To sum up, containers technology and containerization as a process can serve as a way forward for enterprises that are attempting to induce efficiency, scalability, and flexibility into their workflows. While this will go a long way in their quest for attaining digitization, the responsibility lies just as squarely on the business leaders to make the right choices to ensure that they leverage these advantages and meet their business goals.

Containers technology and containerization as a process can definitely serve as a way forward for enterprises that are attempting to induce efficiency, scalability, and flexibility into their workflows

Countering Challenges with Red Hat

The primary challenge for enterprises is to align container implementation with their organizational structure and objectives. Red Hat is an open-source, open standards-based, community-driven technology company. As a result, it can assist organizations implement containerization by participating in and innovating from within open-source communities. This is the best way to accelerate innovation and benefit from open-source development models and principles that helped shape the technology.

Furthermore, Red Hat provides an integrated container platform that can be implemented in two ways—as a fully orchestrated and multi-container application as well as a standard workload. Red Hat can be instrumental in helping enterprises develop the practices, culture, and tools that are needed to modernize existing applications and build new ones efficiently and effectively.

The HCL Approach

The containerization team at HCL has been carefully curated with the perfect mix of experience and expertise. As a Kubernetes certified provider and a CNCF gold member, the HCL team is trained, accredited, and certified on Red Hat and several other container platform technologies, such as OpenShift and Tanzu. Our dedicated COE is focused on Red Hat Openshift, Public Cloud K8S offerings, and associated products.

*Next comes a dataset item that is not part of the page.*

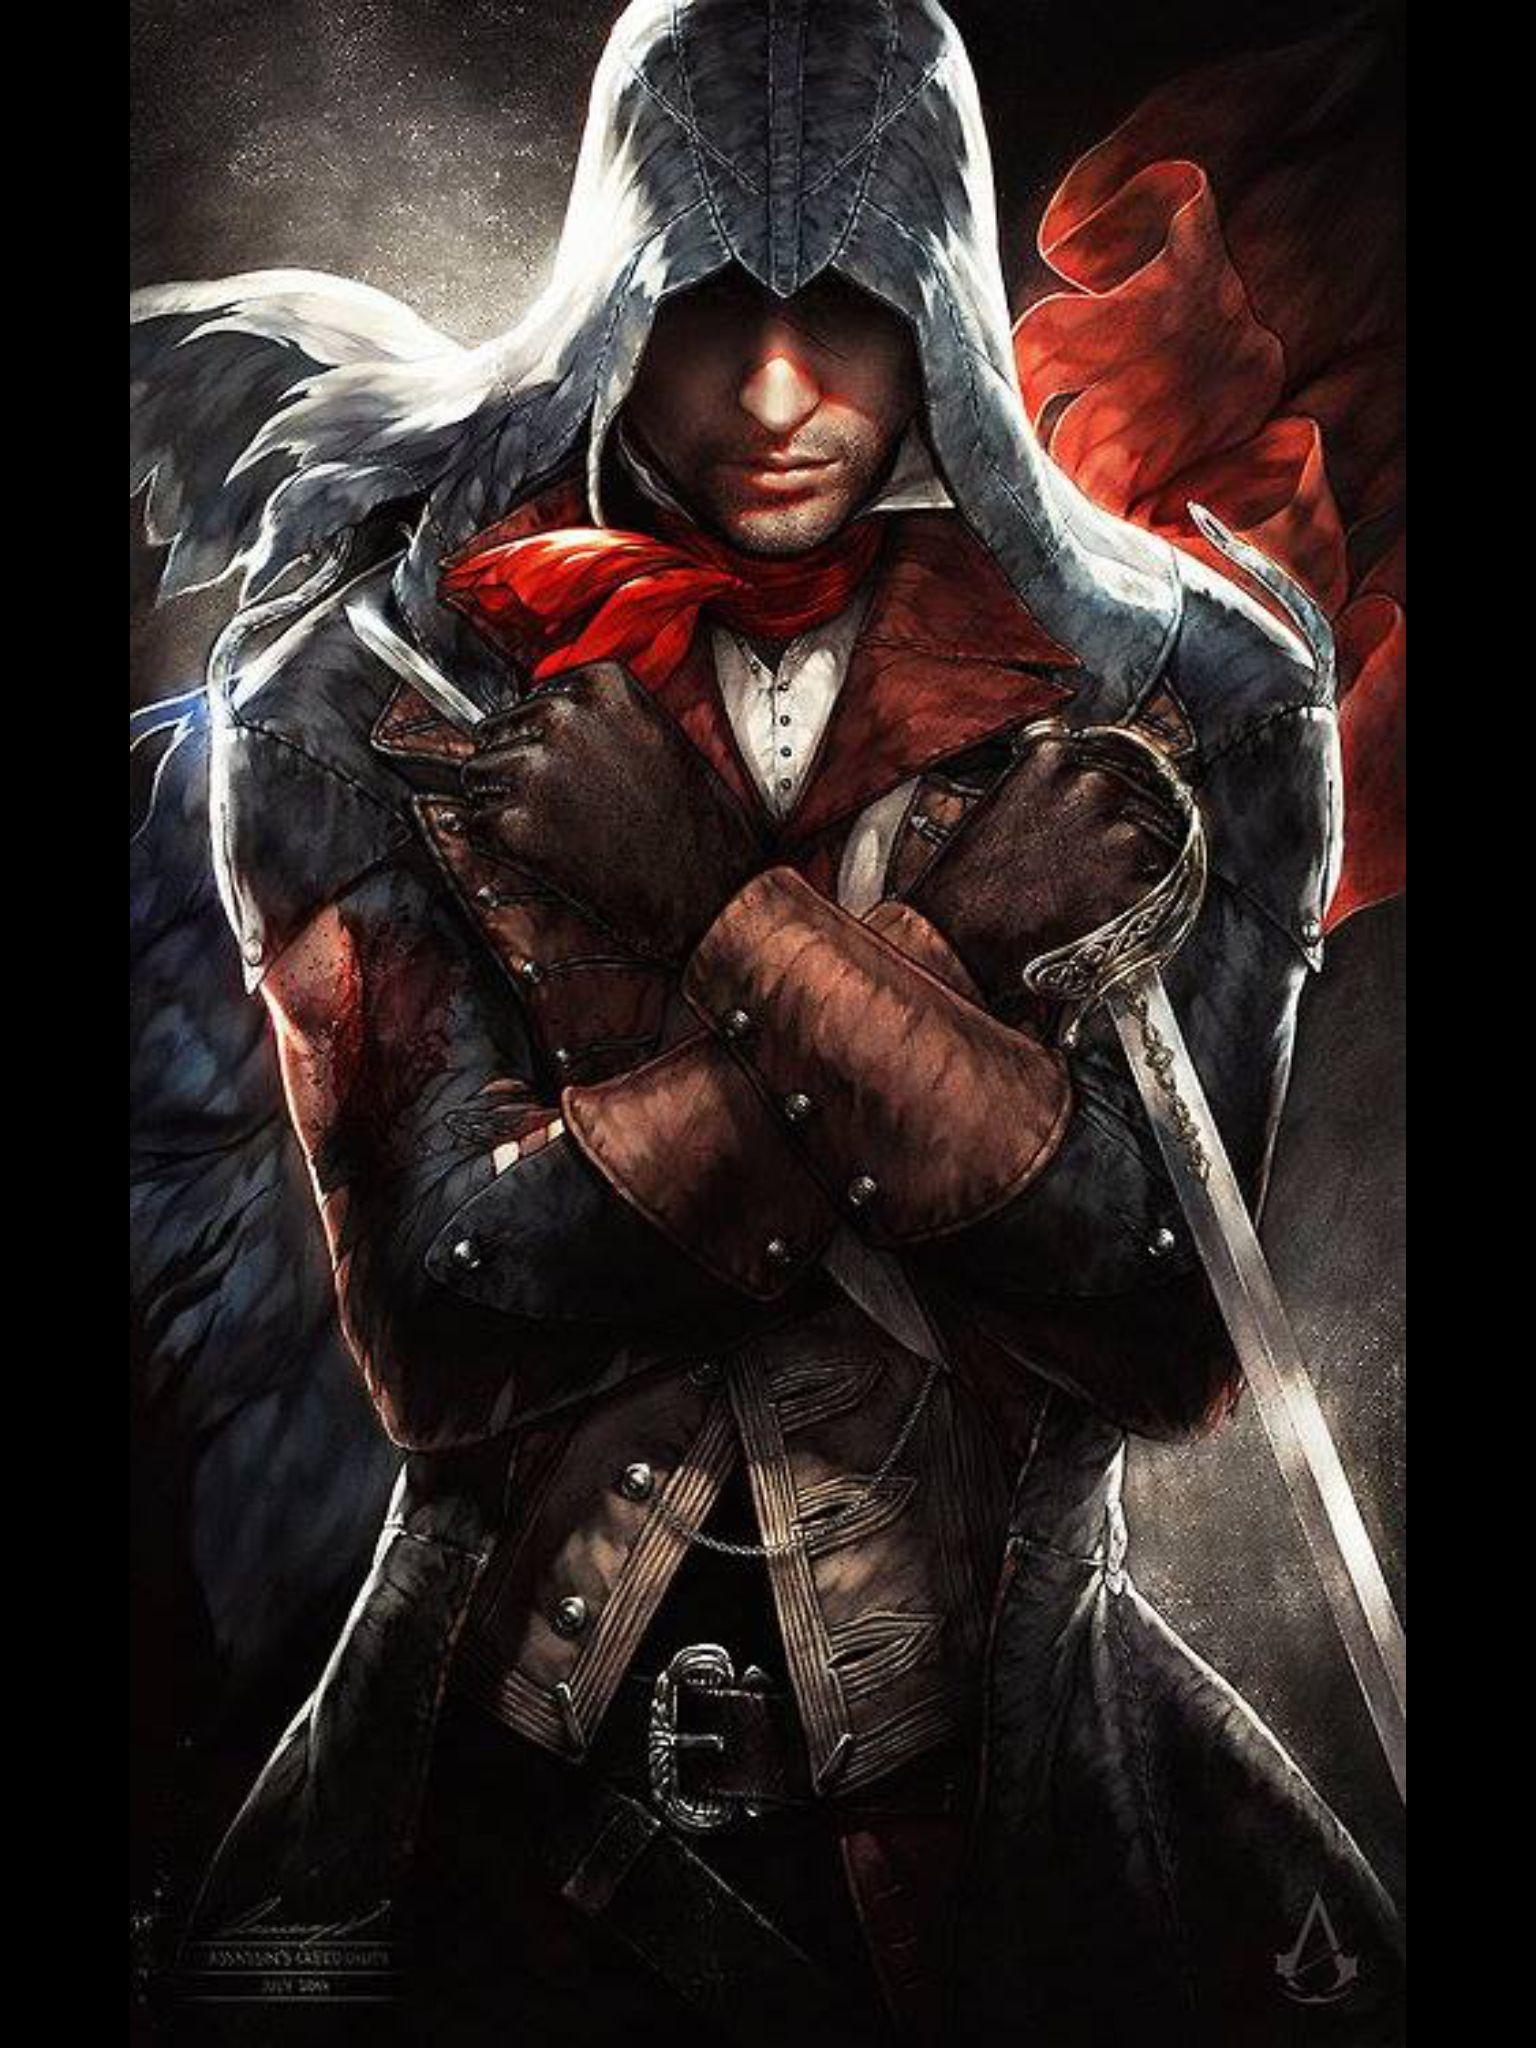 Arno the Assassin

We have the digital capabilities to design, build, migrate, and operate OpenShift platform deployed to on-premise or public/hybrid cloud. We also offer flexible delivery models that are highly customizable per specific requirements. And finally, our strong presence in large customer account bases has helped numerous organizations through their container platform journey. Our torchbearers can lead organizations toward a fortified digital foundation and enrich their digital experiences with next-gen implementations of digital technologies.